All of lore.kernel.org
 help / color / mirror / Atom feed
From: Gavin Shan <gshan@redhat.com>
To: Jason Wang <jasowang@redhat.com>
Cc: virtualization@lists.linux.dev, linux-kernel@vger.kernel.org,
	mst@redhat.com, davem@davemloft.net, stefanha@redhat.com,
	sgarzare@redhat.com, keirf@google.com, yihyu@redhat.com,
	shan.gavin@gmail.com, Will Deacon <will@kernel.org>
Subject: Re: [PATCH v2 1/2] vhost: Add smp_rmb() in vhost_vq_avail_empty()
Date: Thu, 28 Mar 2024 10:27:33 +1000	[thread overview]
Message-ID: <48b1cc13-849f-4f36-b328-175417a1e4d2@redhat.com> (raw)

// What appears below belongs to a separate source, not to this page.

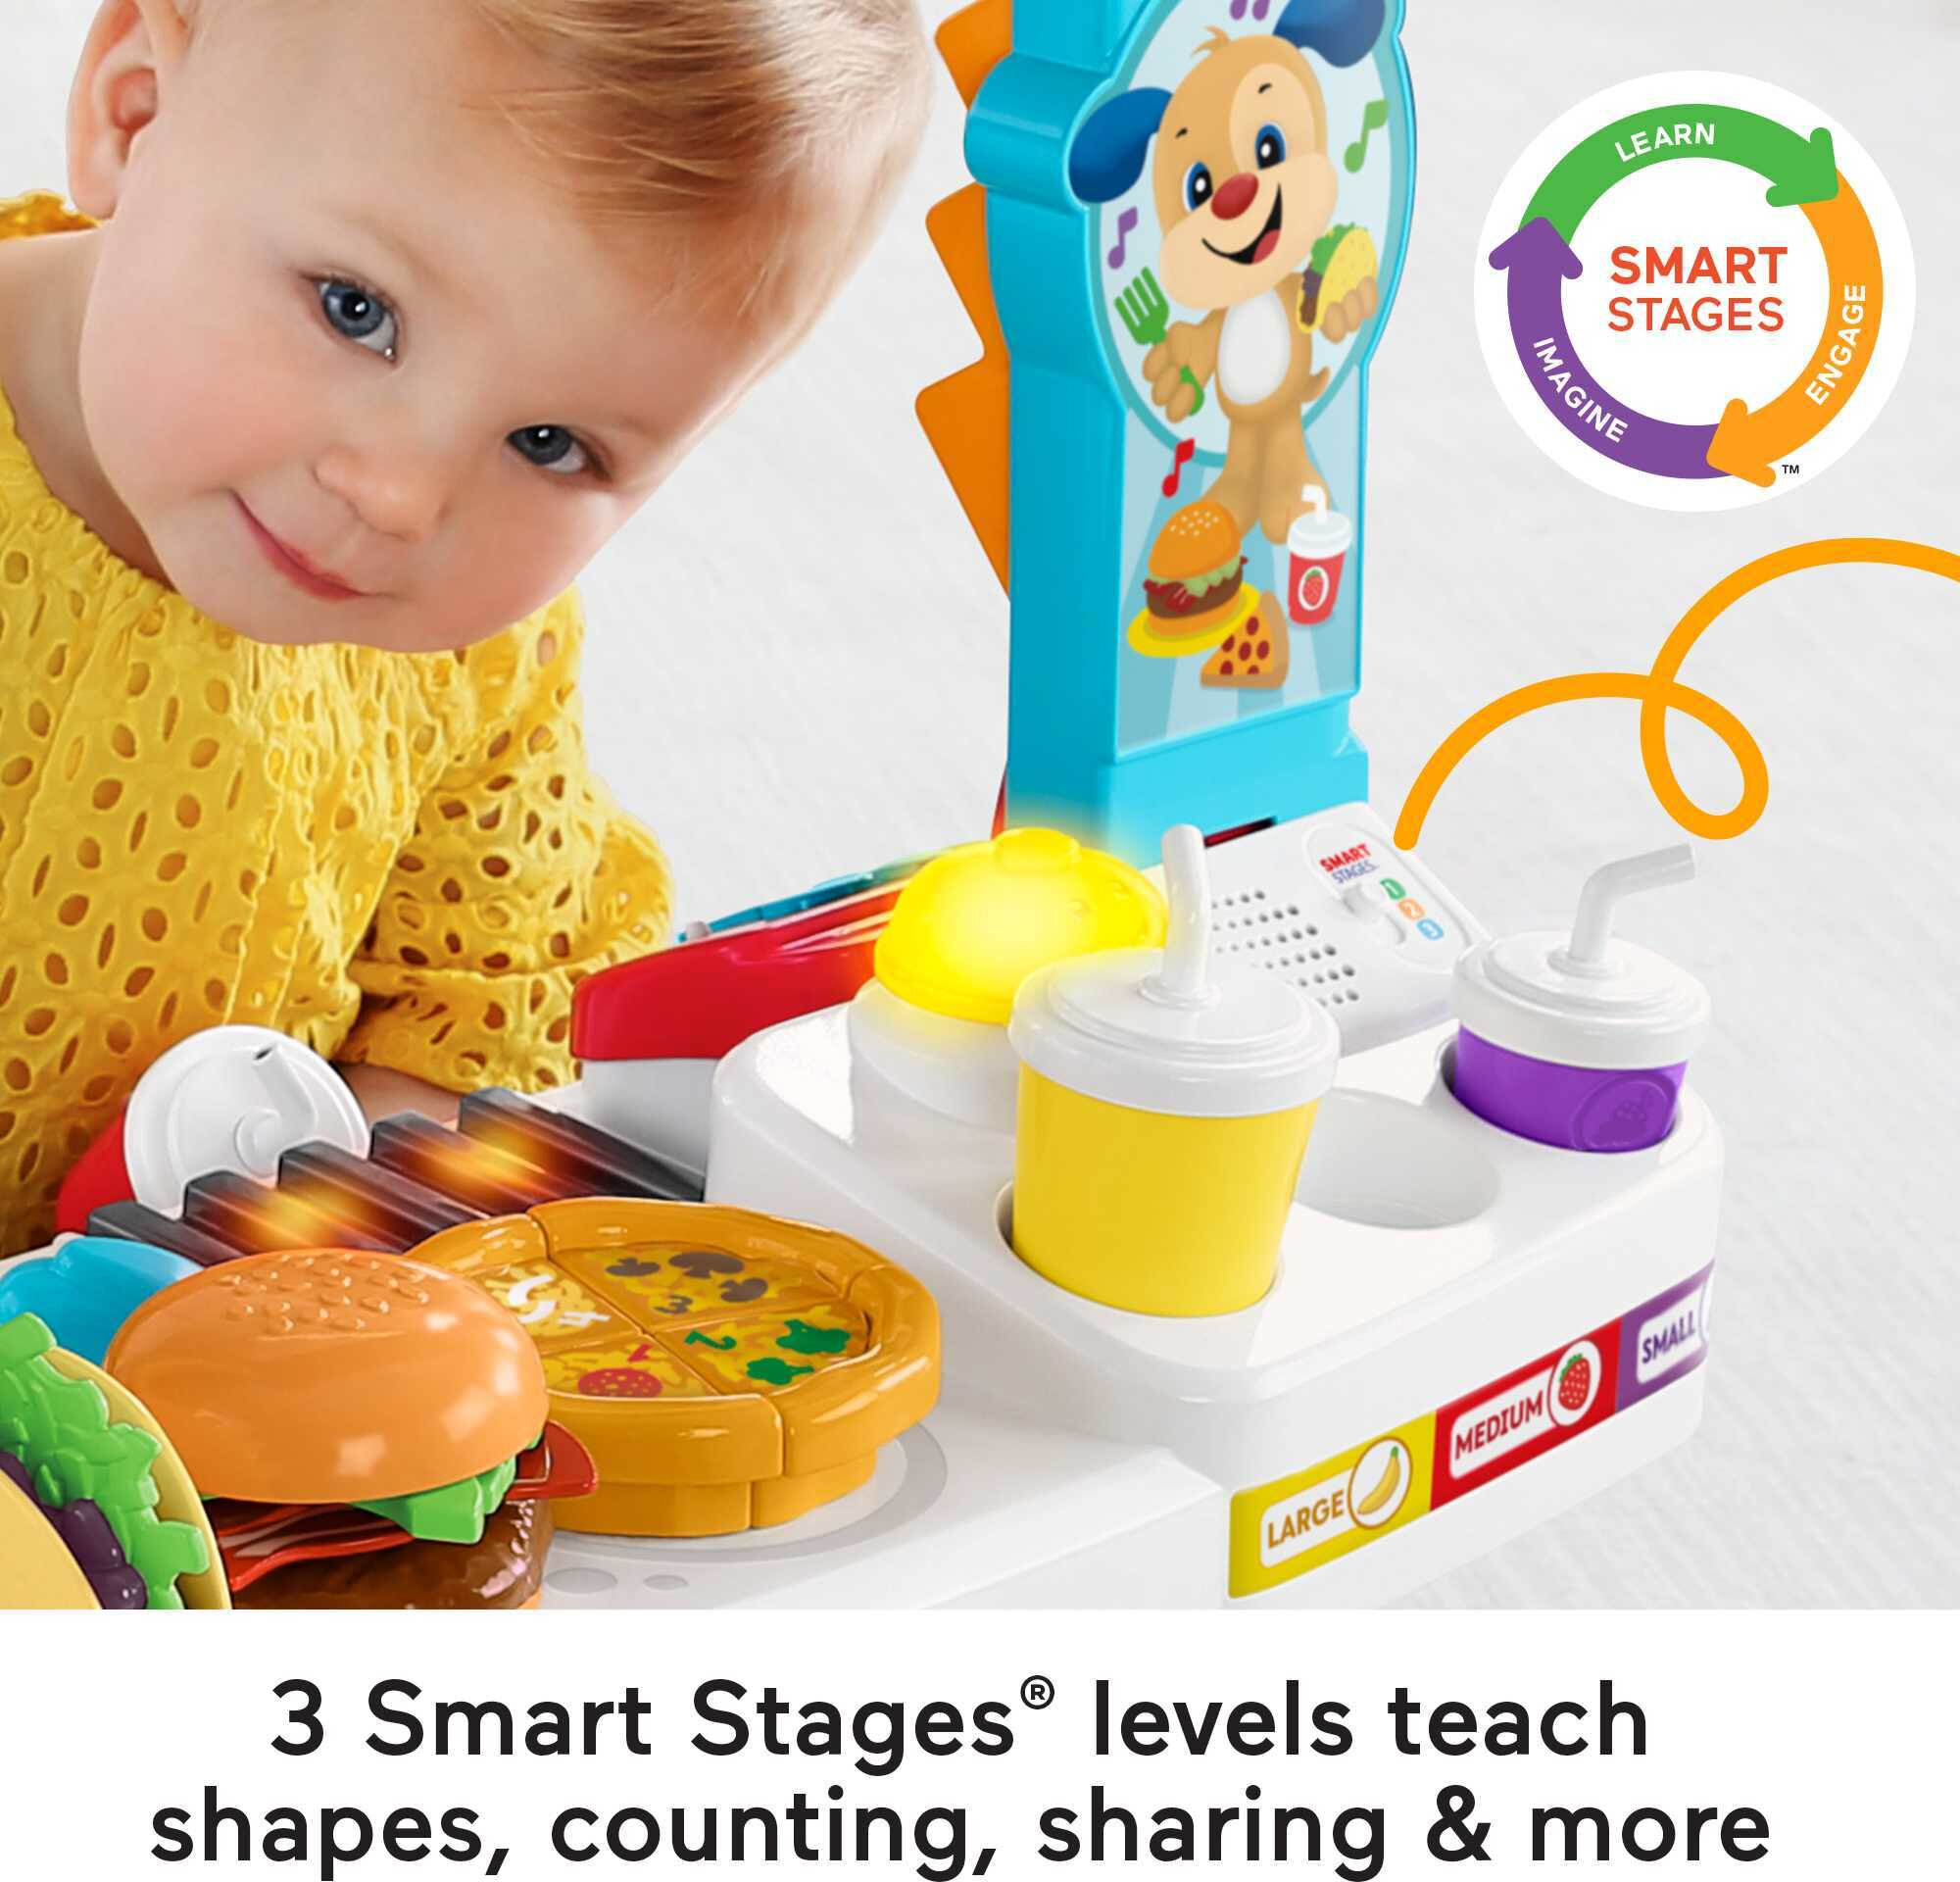 Fisher-Price Laugh & Learn Servin’ Up Fun Food Truck Electronic Activity Center for Toddlers - image 4 of 8

In-Reply-To: <CACGkMEti3xtqHxhM-DGcquP6UncELUzrNeVor45wfGRCBkkZrg@mail.gmail.com>

On 3/27/24 17:42, Jason Wang wrote:
> On Wed, Mar 27, 2024 at 3:35 PM Gavin Shan <gshan@redhat.com> wrote:
>>
>> On 3/27/24 14:08, Gavin Shan wrote:
>>> On 3/27/24 12:44, Jason Wang wrote:
>>>> On Wed, Mar 27, 2024 at 10:34 AM Jason Wang <jasowang@redhat.com> wrote:
>>>>> On Wed, Mar 27, 2024 at 7:39 AM Gavin Shan <gshan@redhat.com> wrote:
>>>>>>
>>>>>> A smp_rmb() has been missed in vhost_vq_avail_empty(), spotted by
>>>>>> Will Deacon <will@kernel.org>. Otherwise, it's not ensured the
>>>>>> available ring entries pushed by guest can be observed by vhost
>>>>>> in time, leading to stale available ring entries fetched by vhost
>>>>>> in vhost_get_vq_desc(), as reported by Yihuang Yu on NVidia's
>>>>>> grace-hopper (ARM64) platform.
>>>>>>
>>>>>>     /home/gavin/sandbox/qemu.main/build/qemu-system-aarch64      \
>>>>>>     -accel kvm -machine virt,gic-version=host -cpu host          \
>>>>>>     -smp maxcpus=1,cpus=1,sockets=1,clusters=1,cores=1,threads=1 \
>>>>>>     -m 4096M,slots=16,maxmem=64G                                 \
>>>>>>     -object memory-backend-ram,id=mem0,size=4096M                \
>>>>>>      :                                                           \
>>>>>>     -netdev tap,id=vnet0,vhost=true                              \
>>>>>>     -device virtio-net-pci,bus=pcie.8,netdev=vnet0,mac=52:54:00:f1:26:b0
>>>>>>      :
>>>>>>     guest# netperf -H 10.26.1.81 -l 60 -C -c -t UDP_STREAM
>>>>>>     virtio_net virtio0: output.0:id 100 is not a head!
>>>>>>
>>>>>> Add the missed smp_rmb() in vhost_vq_avail_empty(). Note that it
>>>>>> should be safe until vq->avail_idx is changed by commit 275bf960ac697
>>>>>> ("vhost: better detection of available buffers").
>>>>>>
>>>>>> Fixes: 275bf960ac697 ("vhost: better detection of available buffers")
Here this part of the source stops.